Member of the National Assembly of Pakistan
- In office 1 June 2013 – 31 May 2018
- Preceded by: Raja Pervaiz Ashraf
- Succeeded by: Raja Pervaiz Ashraf
- Constituency: NA-51 (Rawalpindi-II)

Member of the Provincial Assembly of Punjab
- In office 1985–1999
- Constituency: PP-11 (Rawalpindi)

Personal details
- Born: 5 October 1955 (age 70)
- Other political affiliations: PMLN (2013-2025)

= Muhammad Javed Ikhlas =

Pakistani politician

Raja Muhammad Javed Ikhlas (born 5 October 1955) is a Pakistani politician who had been a member of the National Assembly of Pakistan, from June 2013 to May 2018. Previously, he had been a member of the Provincial Assembly of Punjab from 1985 to 1999.

==Early life==
He was born on 5 October 1955 in Tehsil Gujar Khan, District Rawalpindi.

==Political career==
He was elected to the Provincial Assembly of Punjab from Constituency PP-11 (Rawalpindi) for the first time in the 1985 Pakistani general election.

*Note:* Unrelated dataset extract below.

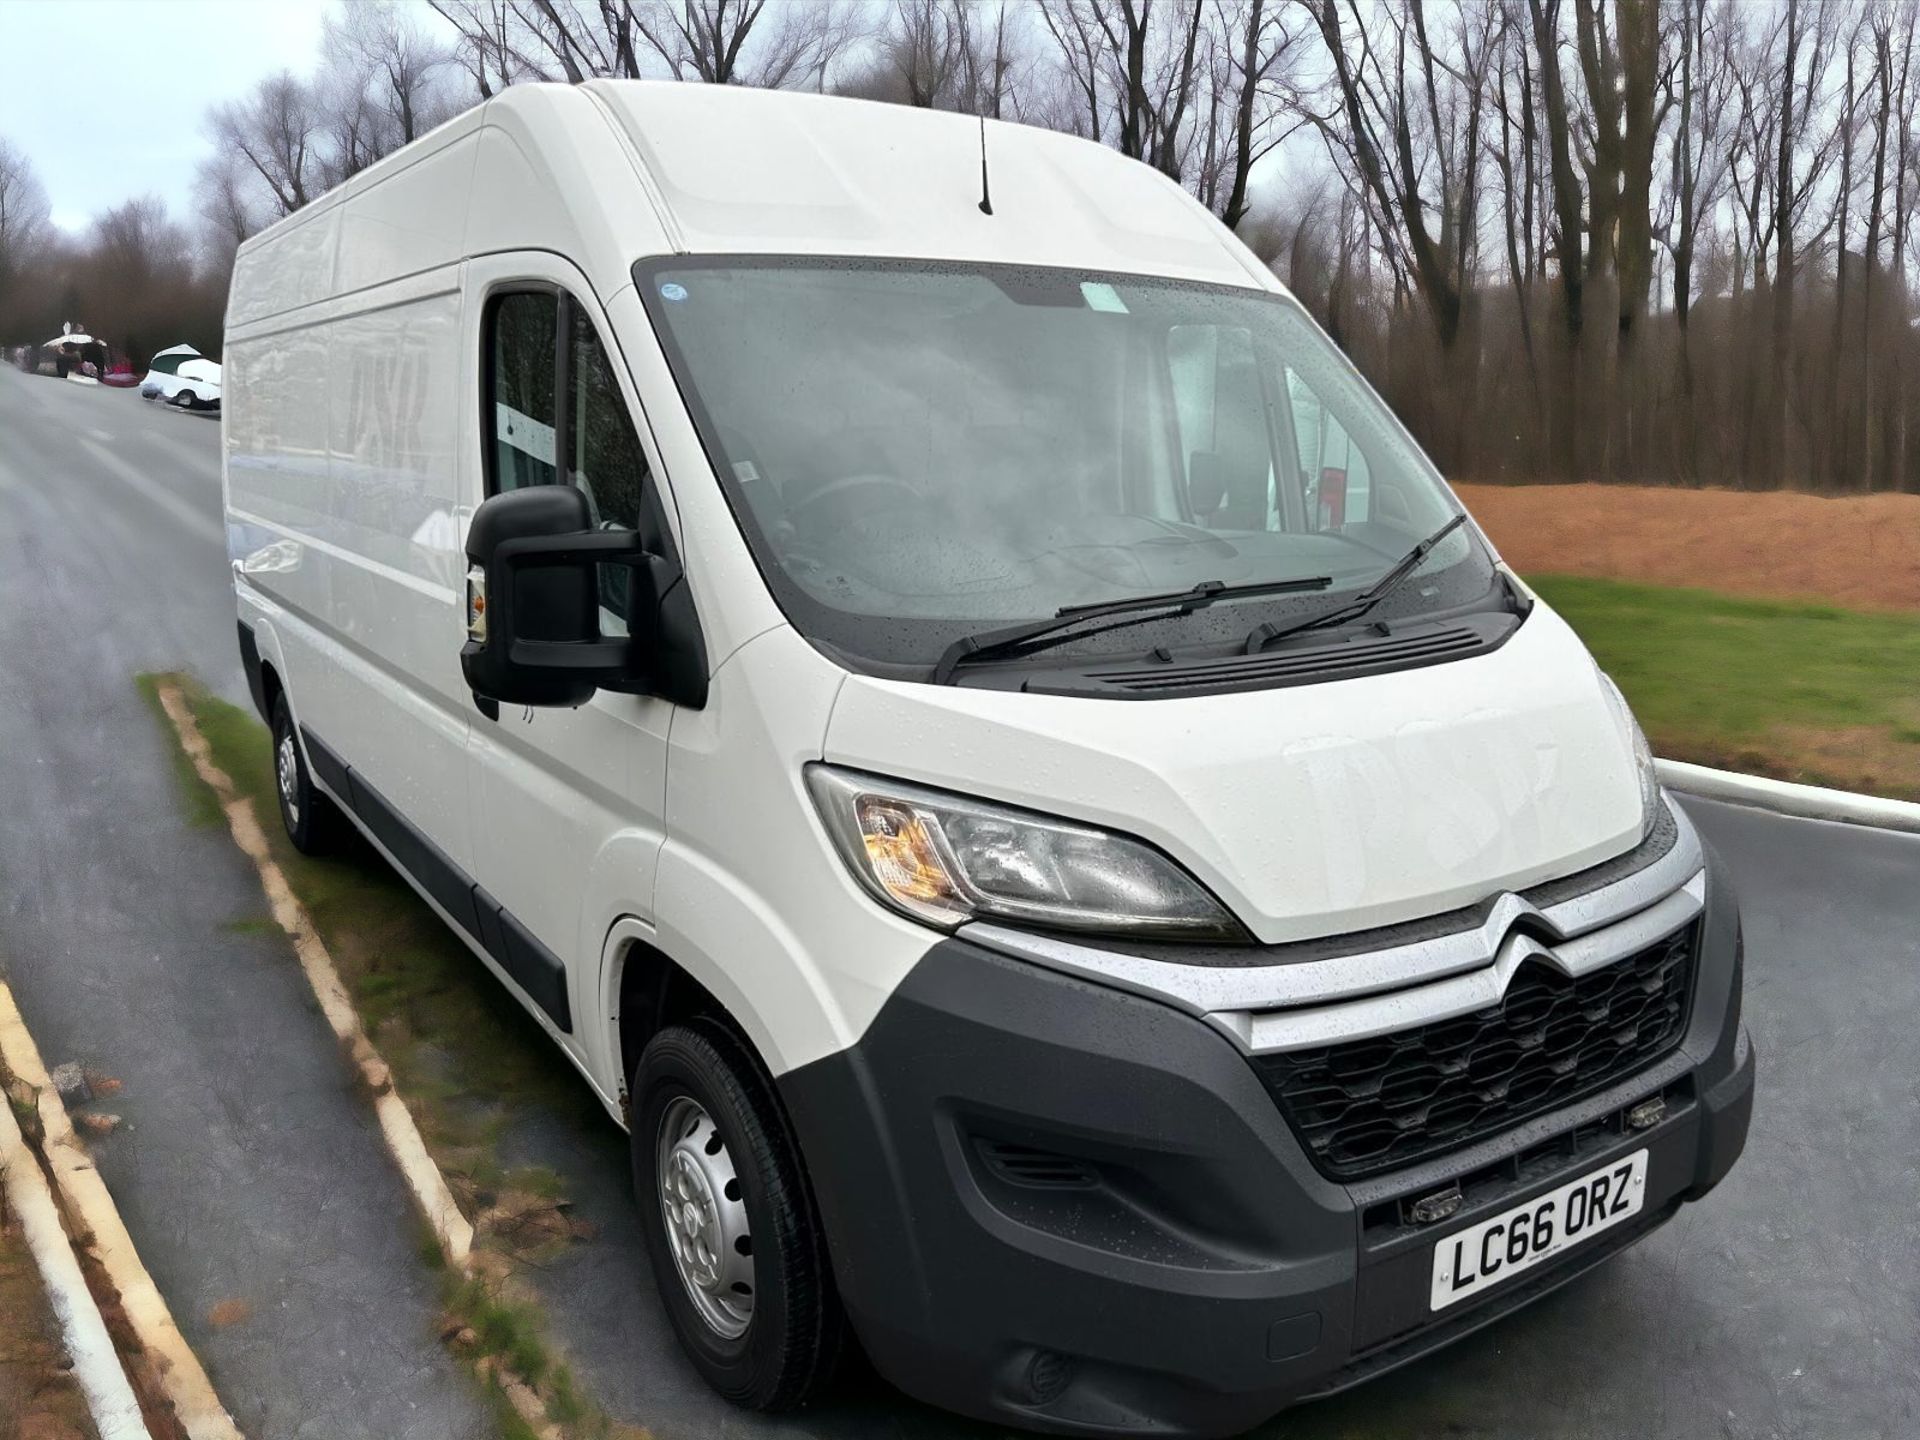 2016-66 REG CITROEN RELAY 35 L3H2 LWB- HPI CLEAR - READY TO GO! - Image 5 of 12

He was re-elected to the Provincial Assembly of Punjab from Constituency PP-11 (Rawalpindi) as a candidate of Islami Jamhoori Ittehad (IJI) in the 1988 Pakistani general election and served as Parliamentary Secretary for Forestry, Wildlife and Fisheries.

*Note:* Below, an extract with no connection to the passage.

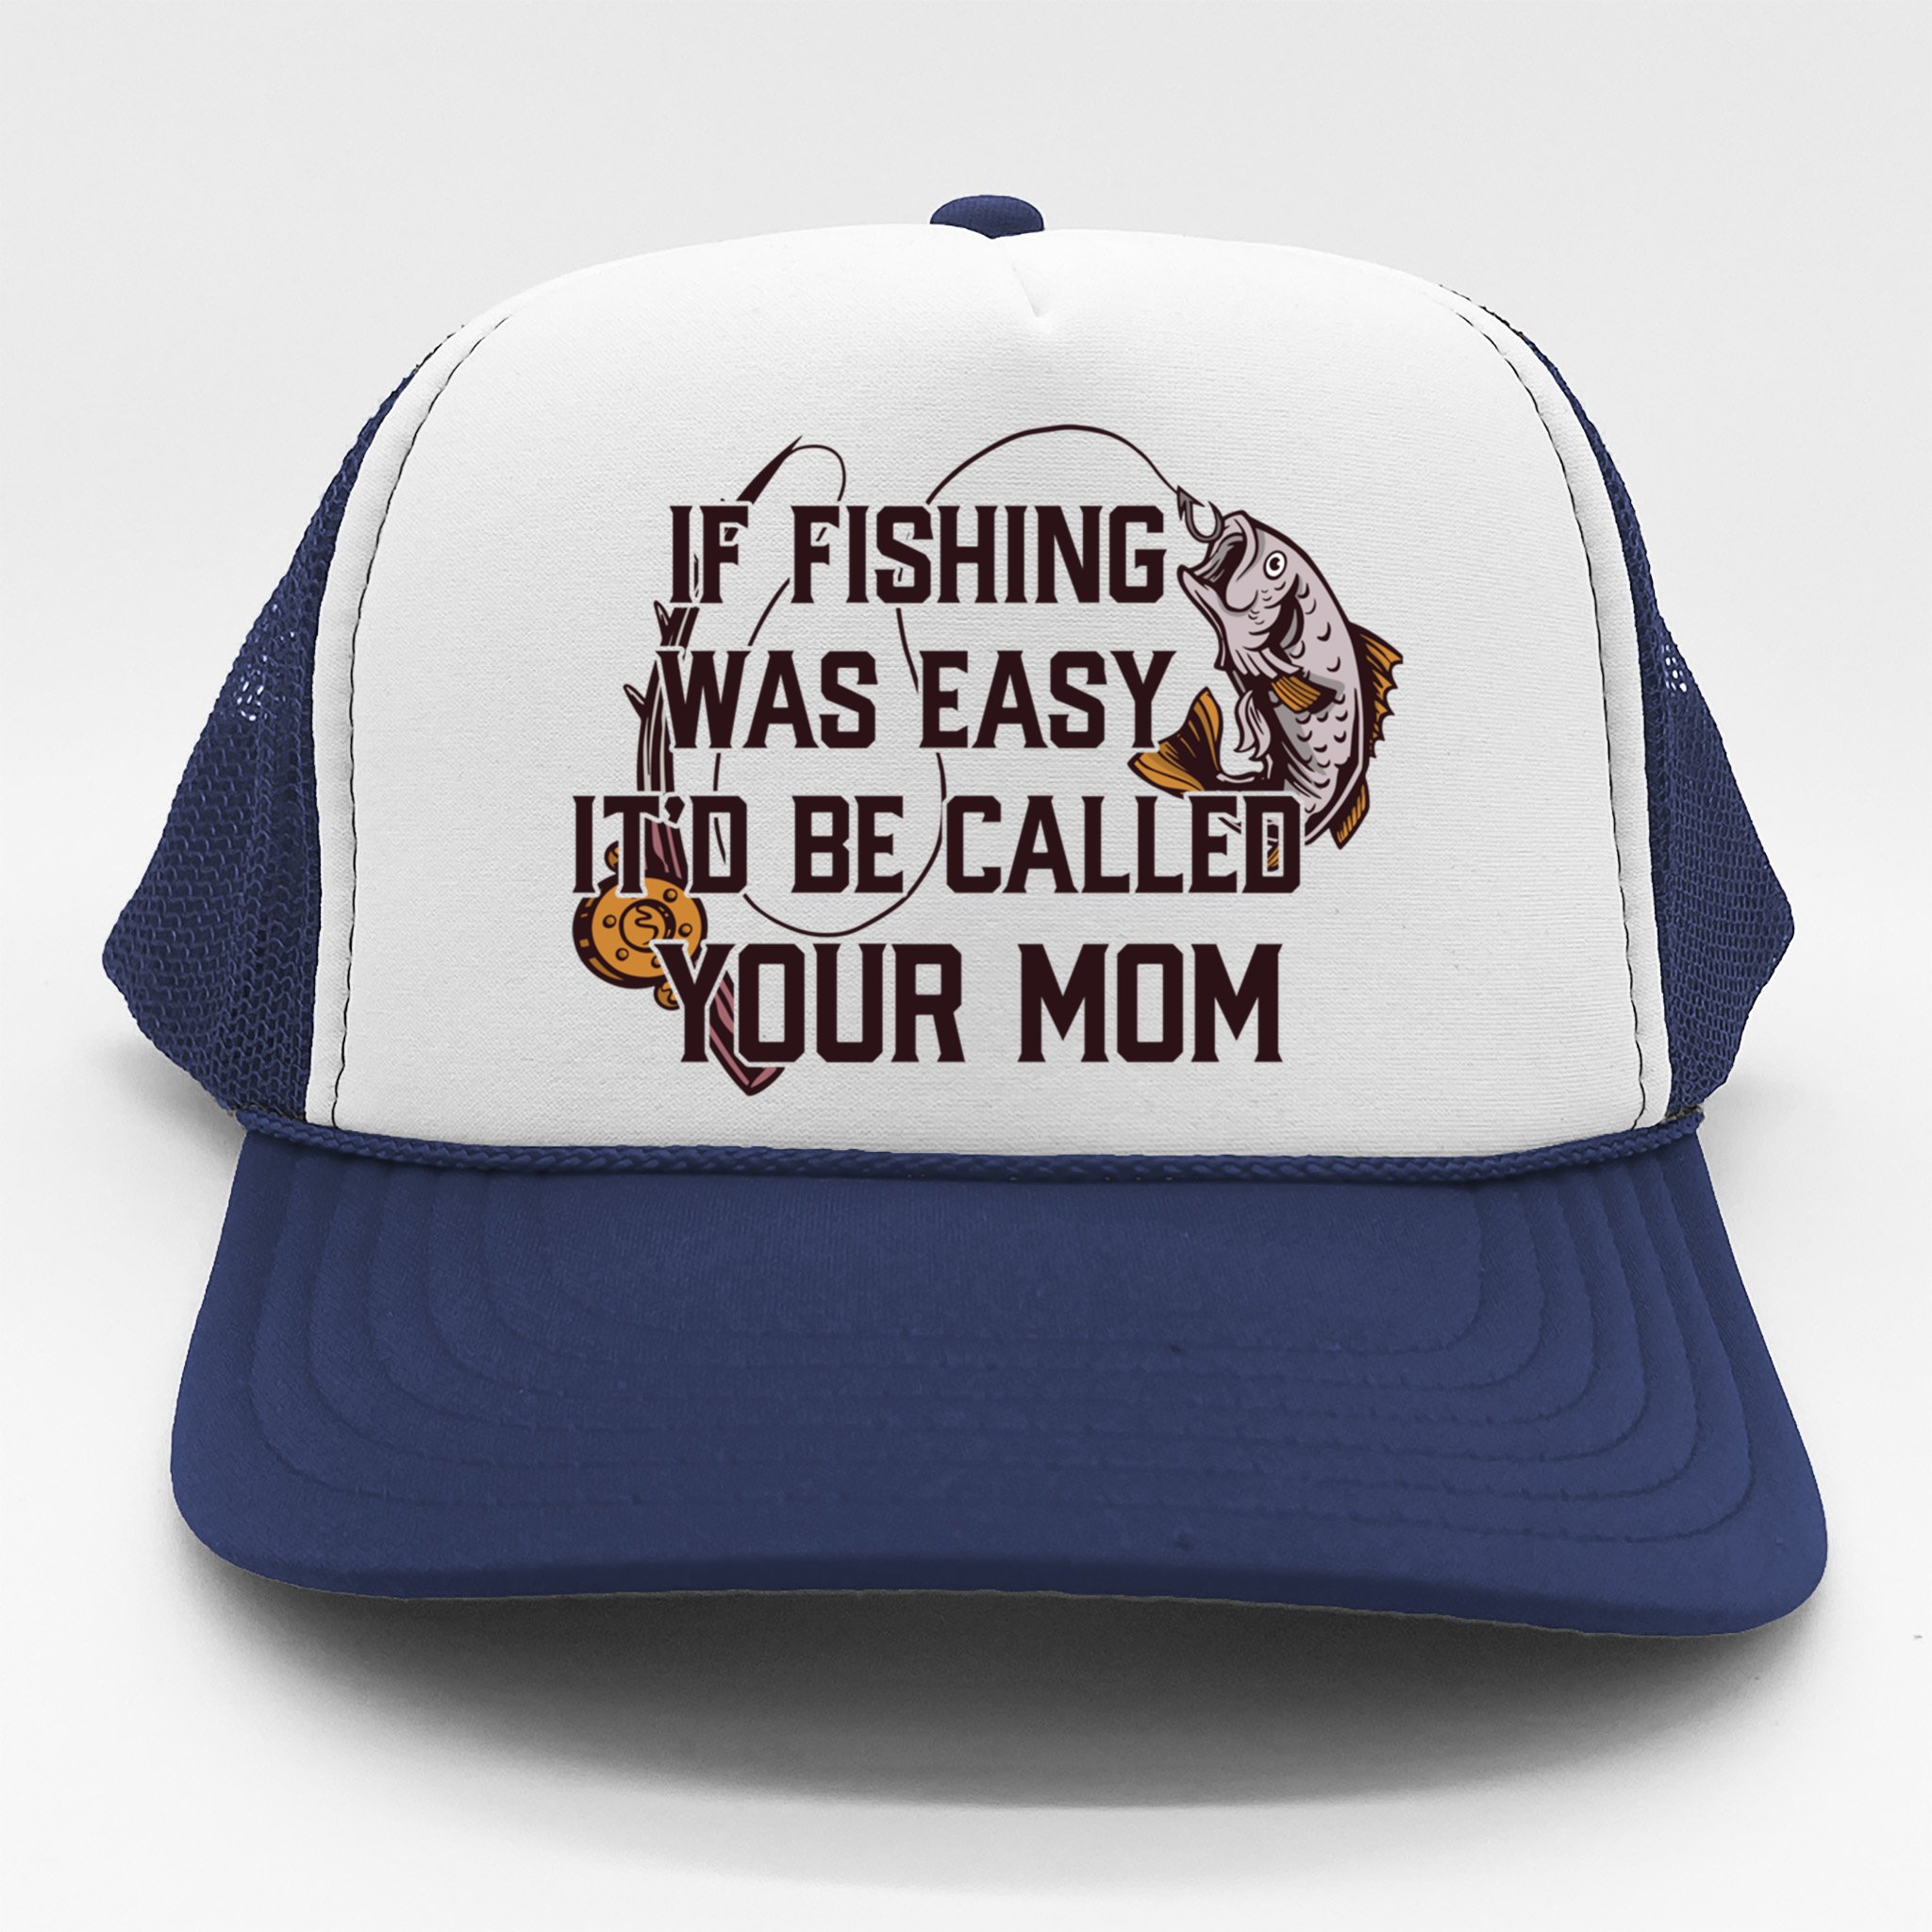 https://images3.teeshirtpalace.com/images/productImages/ifw9943231-if-fishing-was-easy-itd-be-called-your-mom-funny-fish-meme-gift--navy-th-garment.jpg

He was re-elected to the Provincial Assembly of Punjab from Constituency PP-11 (Rawalpindi) as a candidate of IJI for the third time in the 1990 Pakistani general election and served as Parliamentary Secretary for Housing, Physical and Environmental Planning and Development.

He was re-elected to the Provincial Assembly of Punjab from Constituency PP-11 (Rawalpindi) as a candidate of Pakistan Muslim League (N) (PML-N) for the fourth time in the 1993 Pakistani general election.

He was re-elected to the Provincial Assembly of Punjab from Constituency PP-11 (Rawalpindi) as a candidate of PML (N) for the fifth time in the 1997 Pakistani general election.

He joined Pakistan Muslim League (Q) (PML-Q) in 2001.

He was elected as Nazim of Rawalpindi in 2005. He later also served as District Naib Nazim of Rawalpindi.

He was elected to the National Assembly of Pakistan as a candidate of PML-N from Constituency NA-51 (Rawalpindi-II) in the 2013 Pakistani general election. In 2014, he was appointed as Federal Parliamentary Secretary for Cabinet Secretariat, Establishment and Capital Administration and Development Division.